**Data extract**
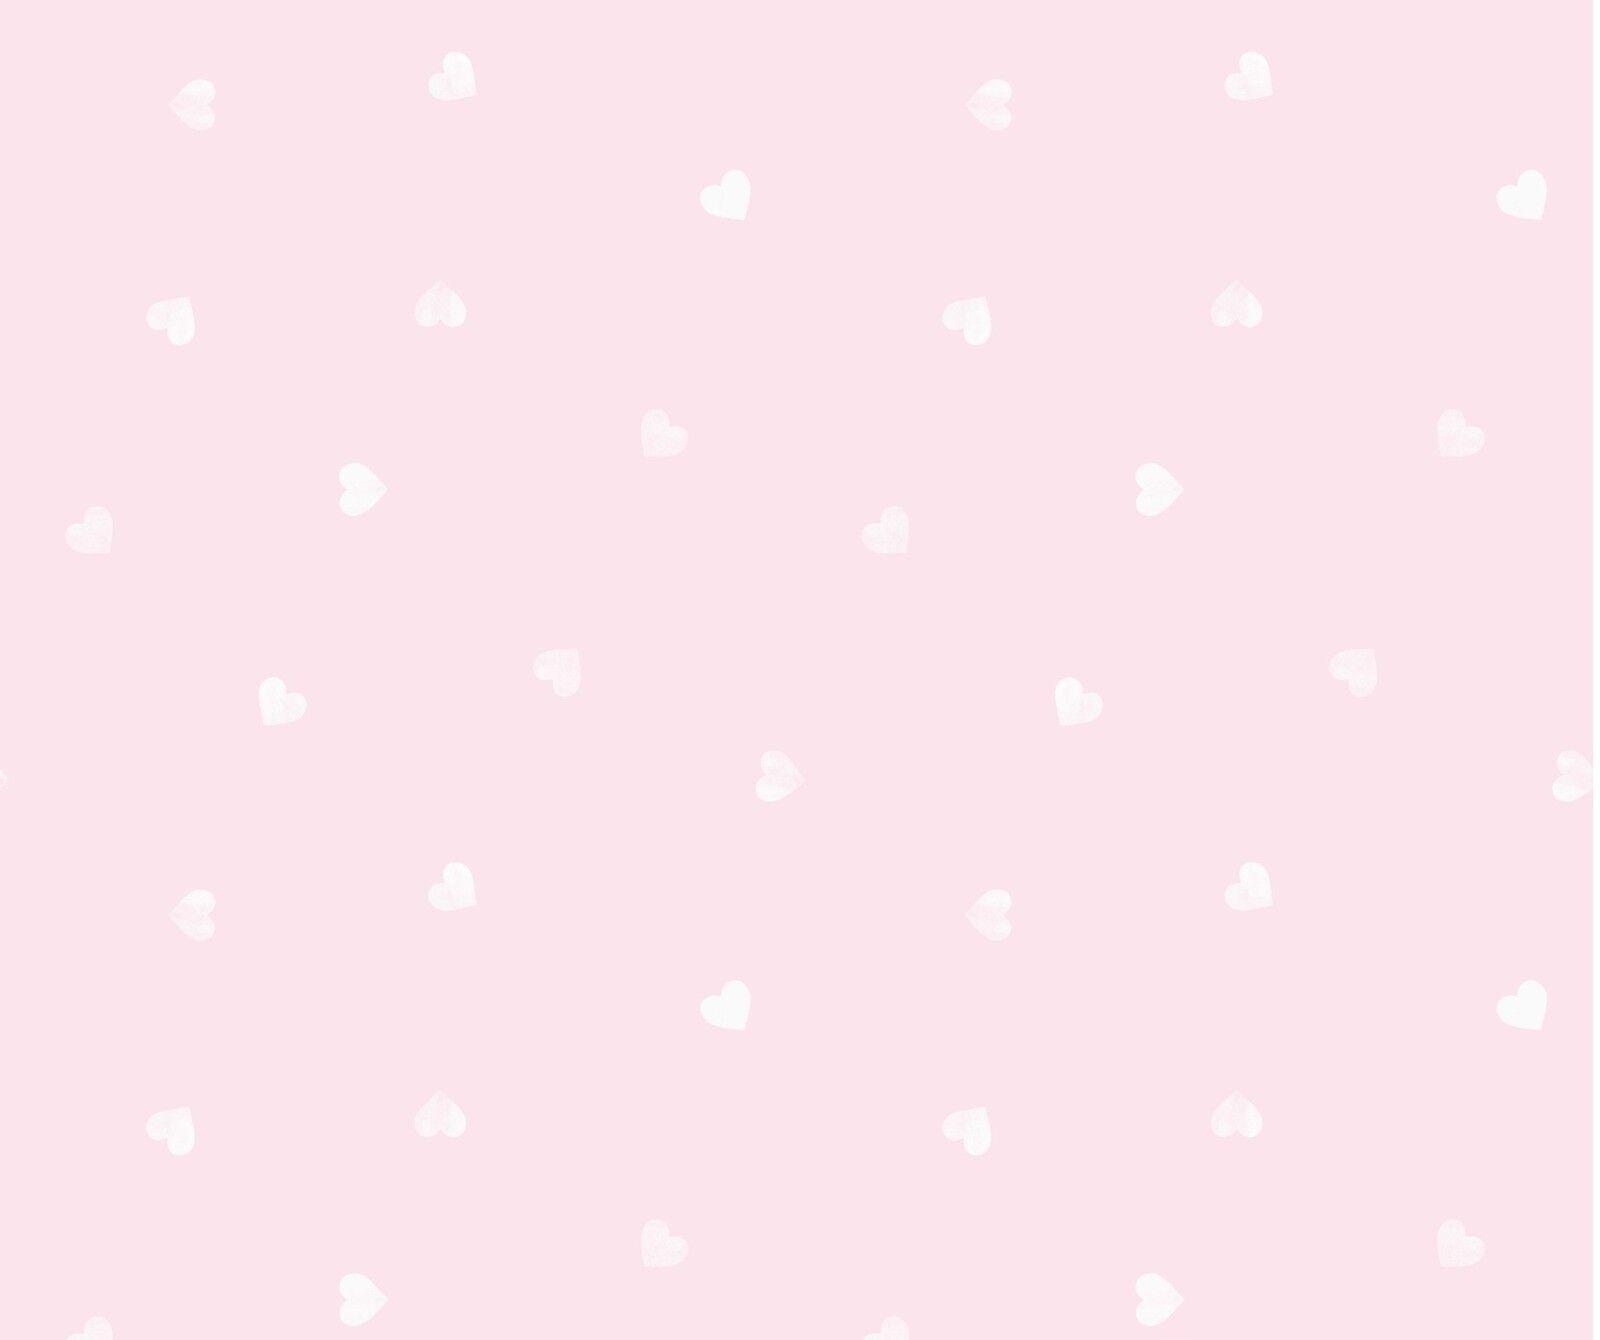 Details About Pink White Love Hearts Girls Childrens Kids Nursery Baby Wallpaper Dl21118
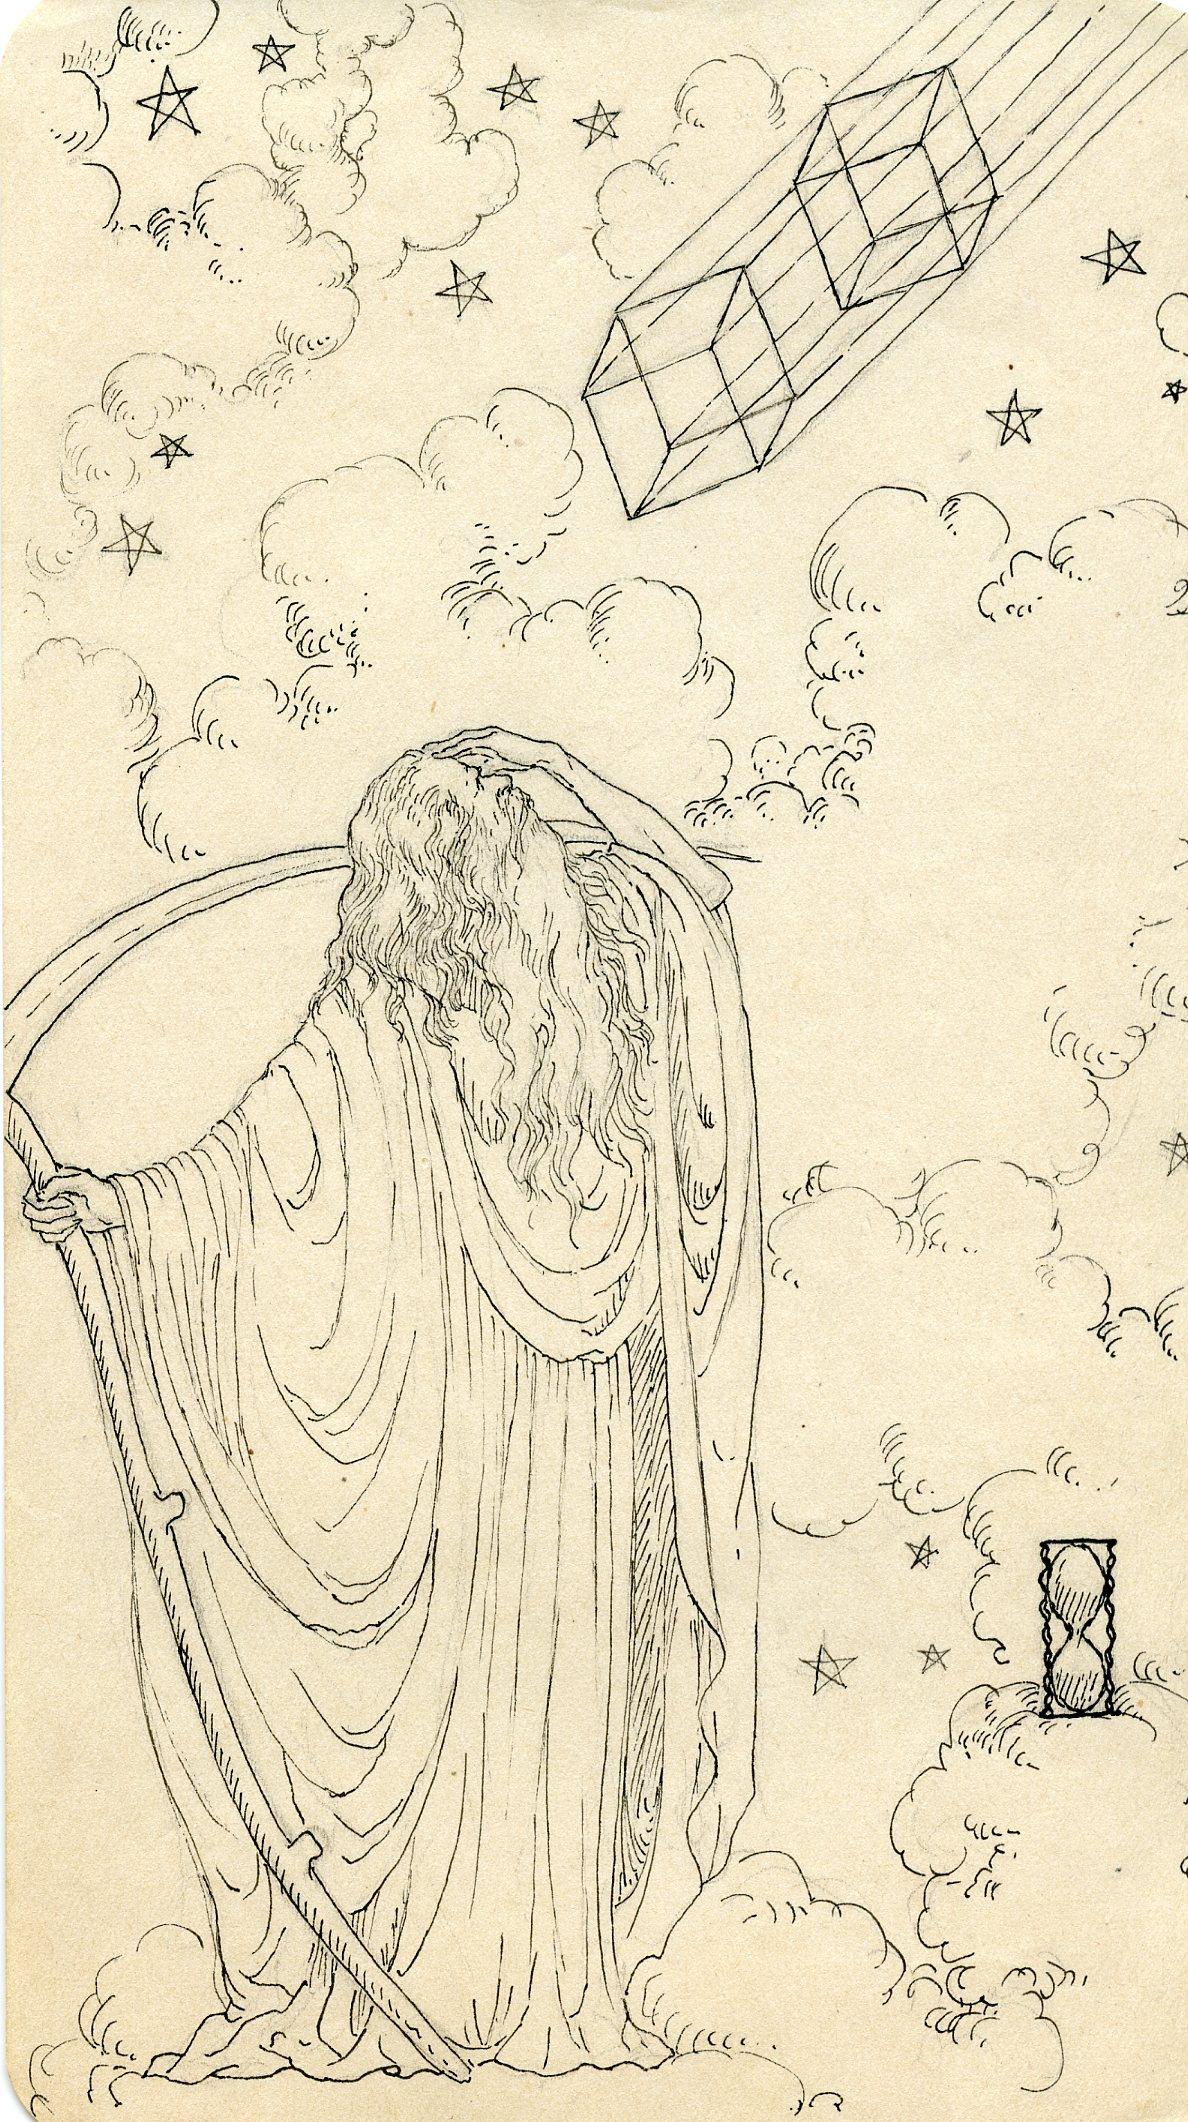 MSB, Illustration, for an essay on Time, 1930's.
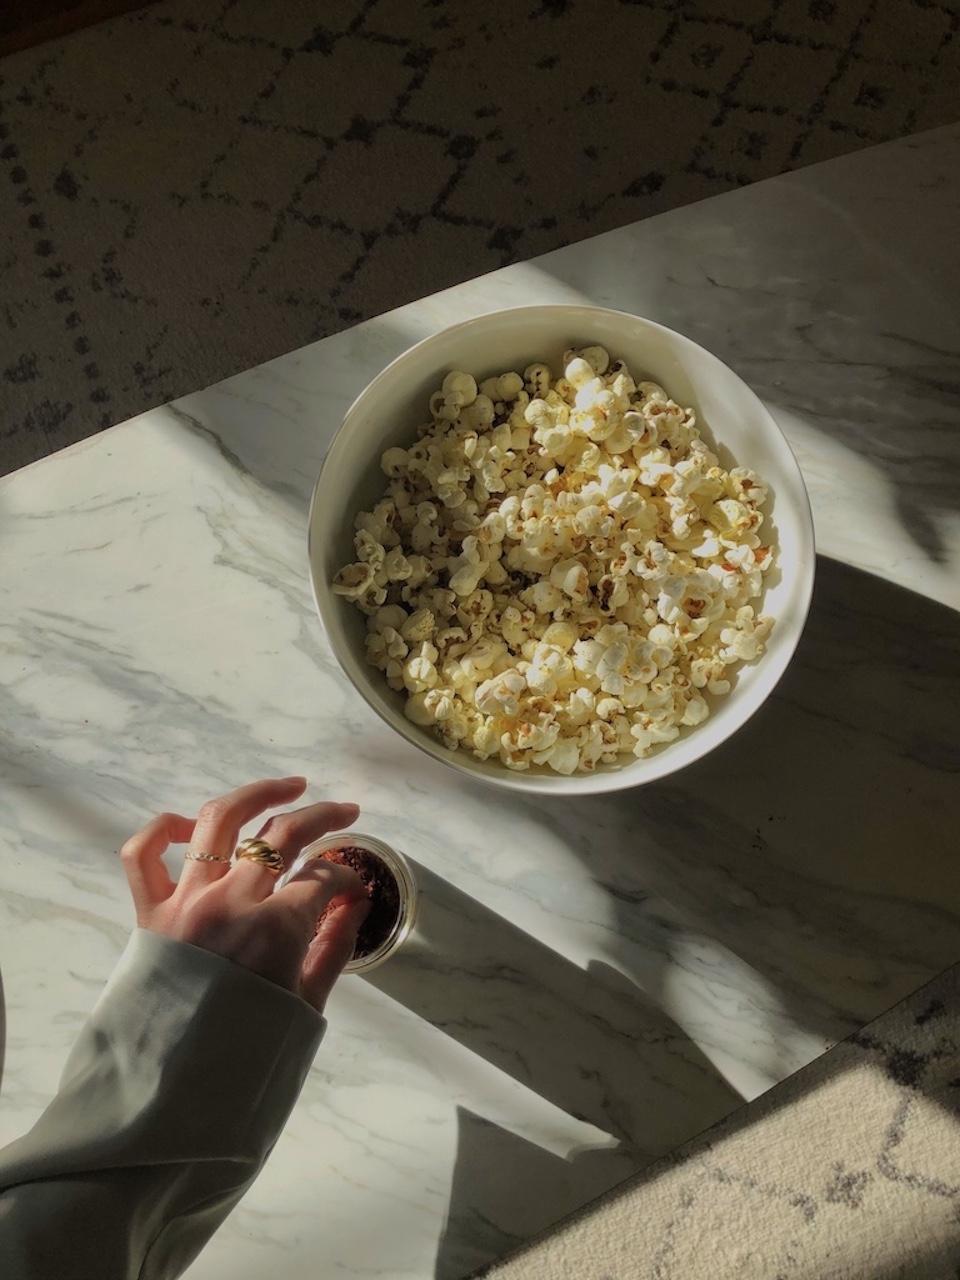 Alexandria_Yamazaki_Popcorn_2

**Your task**
Apart from the pictures, repeat the data above exactly.

**Solution below**
 Details About Pink White Love Hearts Girls Childrens Kids Nursery Baby Wallpaper Dl21118
 MSB, Illustration, for an essay on Time, 1930's.
 Alexandria_Yamazaki_Popcorn_2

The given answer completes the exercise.